Applications of ANN models in safety and technical risk management provide strong evidence of this superiority. For instance, BP networks achieved an accuracy rate of 85% in predicting safety hazards in construction projects by processing complex safety indicators such as weather conditions, worker behavior, equipment status, and site-specific hazards [10]. Similarly, ANN-based models demonstrated 20% higher accuracy in investment risk prediction, 35% improvement in technical risk assessment, and 25% better environmental risk evaluation in wind power projects [18]. Fuzzy ANN frameworks further advanced performance in prefabrication projects by improving component quality risk assessment by 30% and assembly risk prediction by 40%, while better handling uncertainties inherent to modular construction [32]. ANN-based methods have also proven highly adaptable in high-risk environments, with studies documenting their precision in supporting safety management strategies [83].

Technical and practical considerations are crucial for effective ANN implementation in construction. Data availability and accessibility remain central requirements. Large, structured datasets improve ANN performance significantly, while IoT-enabled data collection systems strengthen predictive reliability [29]. Studies in power network planning confirmed that when input data comprehensively reflect diverse project factors, BP neural networks provide more reliable evaluations [17]. At the same time, the quality of datasets is equally essential; preprocessing such as cleaning and normalization has been shown to increase ANN prediction accuracy by up to 30% compared with unprocessed data [18,32].

The computational requirements of ANN models represent another critical factor. High-performance computing infrastructure or cloud-based solutions are often necessary to manage large-scale applications [31]. While BP models can be trained on standard hardware [17], more complex architectures demand scalable computing resources. Nevertheless, these investments are offset by substantial benefits: ANN-based models have been shown to reduce project delays by up to 30%, generating significant cost savings in practice [21].

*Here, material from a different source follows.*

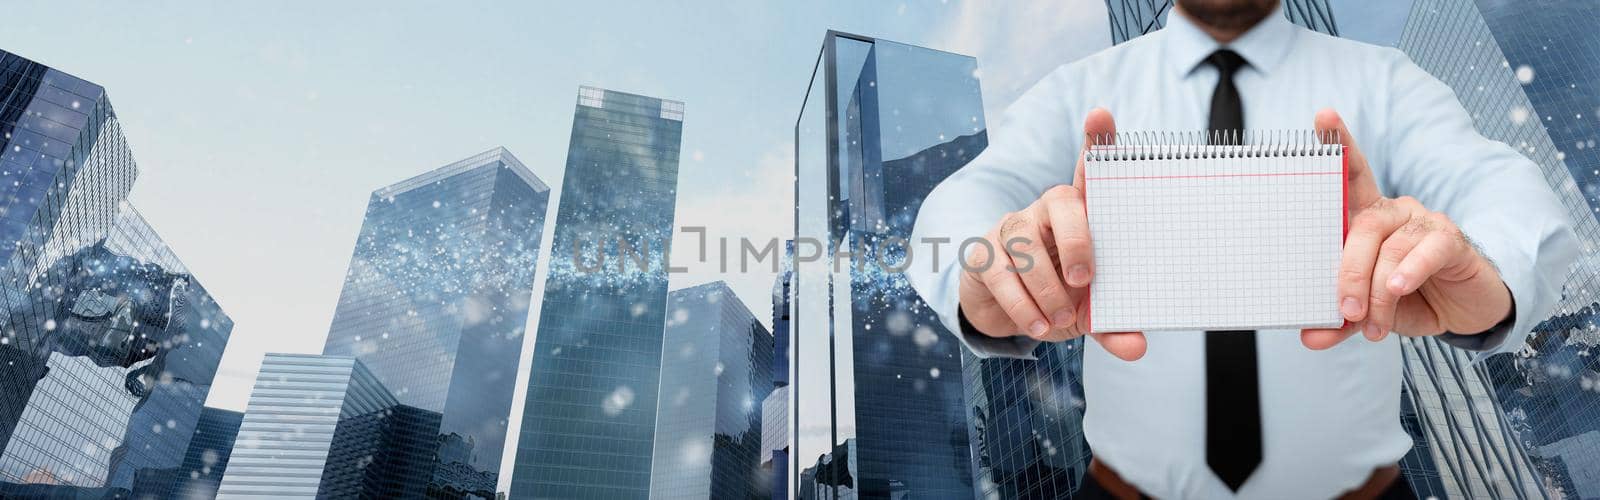 Businessman Holding Empty Page Graphing Notebook With His Both Hands Around Futuristic Technology. Employee Presenting Blank Workbook Surrounded By Modern Automation. by nialowwa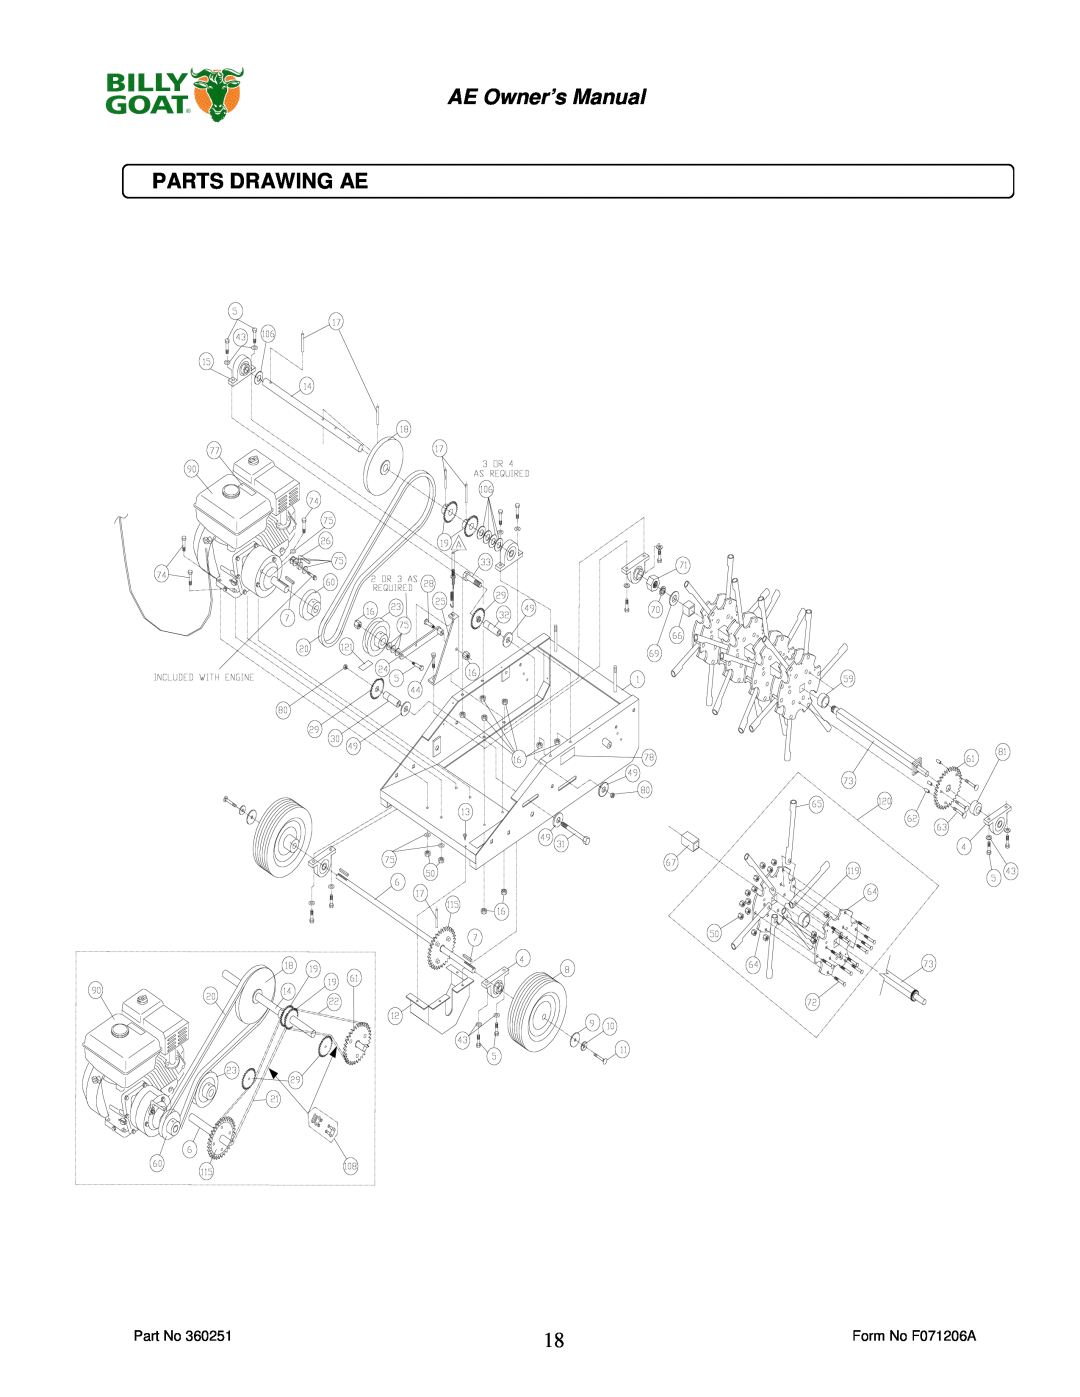 Billy Goat AE400H, AE450 owner manual Parts Drawing Ae

Despite these advantages, the “black box” nature of ANN models poses challenges for interpretability and stakeholder acceptance. Unlike transparent traditional methods, ANN outputs are often difficult to explain to non-technical users. To address this, researchers have proposed explainable AI frameworks designed to clarify how predictions are derived, improving transparency, trust, and adoption [32]. These approaches balance the technical complexity of ANN architectures with the practical requirement for stakeholder understanding and usability.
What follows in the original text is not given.